Yes, it is not an exact science because the metrics are not really measuring productive economic activity - only measure economic activity.

When was the need for a Golden Gate bridge proven? When the traffic was more than willing to pay those tolls. Long after it was finished. Previously, the need was only speculation. Another example of the deficiency in those finance metric.

How do we indentify a productive and therefore real stimulus project? We must do it bridge by bridge and sewer by sewer - using metrics that are not very good. But even worse, Congressmen are trying to make these determinations school by school. Well, they are not. Too much information and not enough congressman. They are throwing money blindly in different directions hoping that some money hits a needed bridge, water pipe, sewer, and school. That was also called the great leap forward, a five year plan, or central planning.

It is not an exact science. Only people who can really identify a best projects are little people who devise those projects and then get capital to make those projects work. Best bankers are those who also worked previously in a construction business, engineering firm, or trucking. Only they can best loan money to upstarts with new ideas or good plans. No wonder bankers like John Doer are so innovative. No wonder the big banks must make money using money games - they cannot see innovation.

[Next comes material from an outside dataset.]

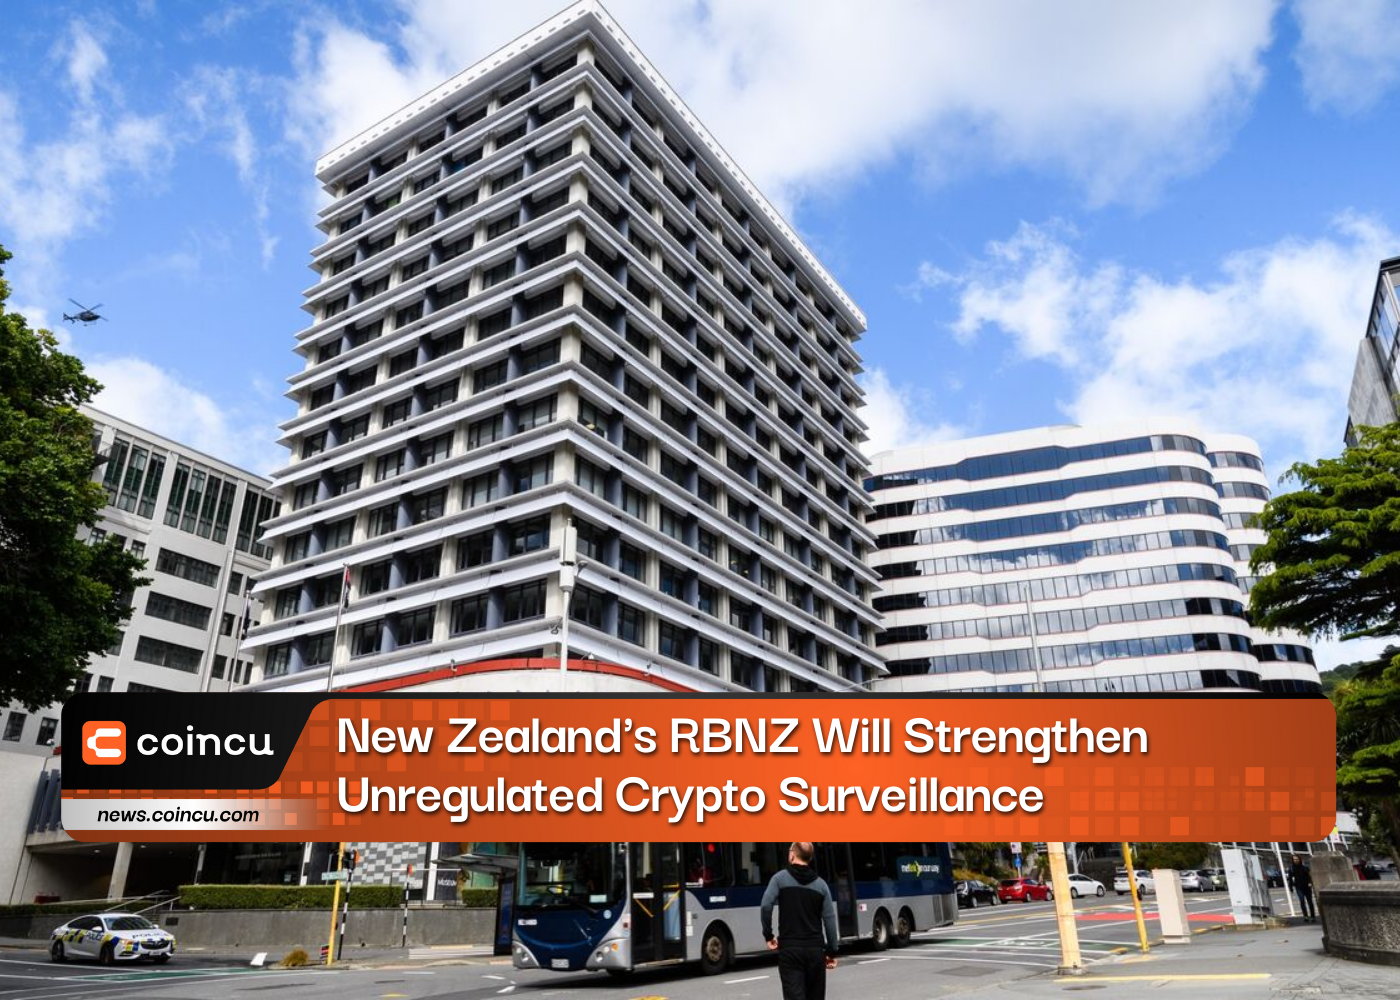 New Zealand's RBNZ Will Strengthen Unregulated Crypto Surveillance

Unfortunately accountants and finance people without real world experience created this problem. Polticians are not better at channeling capital where it may be most productive. But when so many bankers act as MBAs - well even the spread sheets now cannot be trusted. Just another reason why government is throwing more money at the economy. The only people who really know best - who best understand the metrics - are the innovators who come from where the work gets done. But even they cannot get money due to so many banks who think their purpose is profits rather than serving the innovators. So government is throwing money hoping to hit innovators with cash.

Far from an exact science. But then it also explains why communism does not work.

xoxoxoBruce 02-10-2009 04:08 PM

Simplified by clusterstock
Quote:

You have two cows.

John Paulson borrows one cow so he can sell it for $100. He gives you $10 as collateral.

You buy your neighbors cow for $100, which you finance by taking out a $90 loan from the bank and use John's $10 to make up the rest.

You brag to everyone about your financial health. You have assets--two cows you own, plus one Paulson owes you--worth $300, and liabilities of just $100.

A third of the country goes vegetarian.

You thought your two cows were worth $200 and now they are worth $140.

You express confidence in your financial health. Your assets are now worth only $200--your two cows plus the one John owes you--but your liabilities are still only $100. If necessary, you could sell the assets at this distressed price and pay off all your loans.

You hold onto your cows because you are sure the market is "dislocated." Some day someone will want to eat beef again.

The rest of the country goes vegetarian. Your two cows are now worth $2 each to guys who want to make dog food.

John Paulson buys a cow in the market for $2 and he gives it to you as repayment of the loan. You now have three cows worth six bucks.

John wants his $10 back.

The bank calls. It wants its $90 back.

You call the Federal Reserve and ask for a bailout.


Trilby 02-10-2009 04:22 PM

I know you all know that Wells Fargo bought Wachovia with bail out money.


Even though they say they didn't, you SO know they did.

jerks.

Some of these people are going to have to re-incarnate many, many times to pay for their sins; and they WON'T be coming back as rich WASPS, either. They'll be poor black children.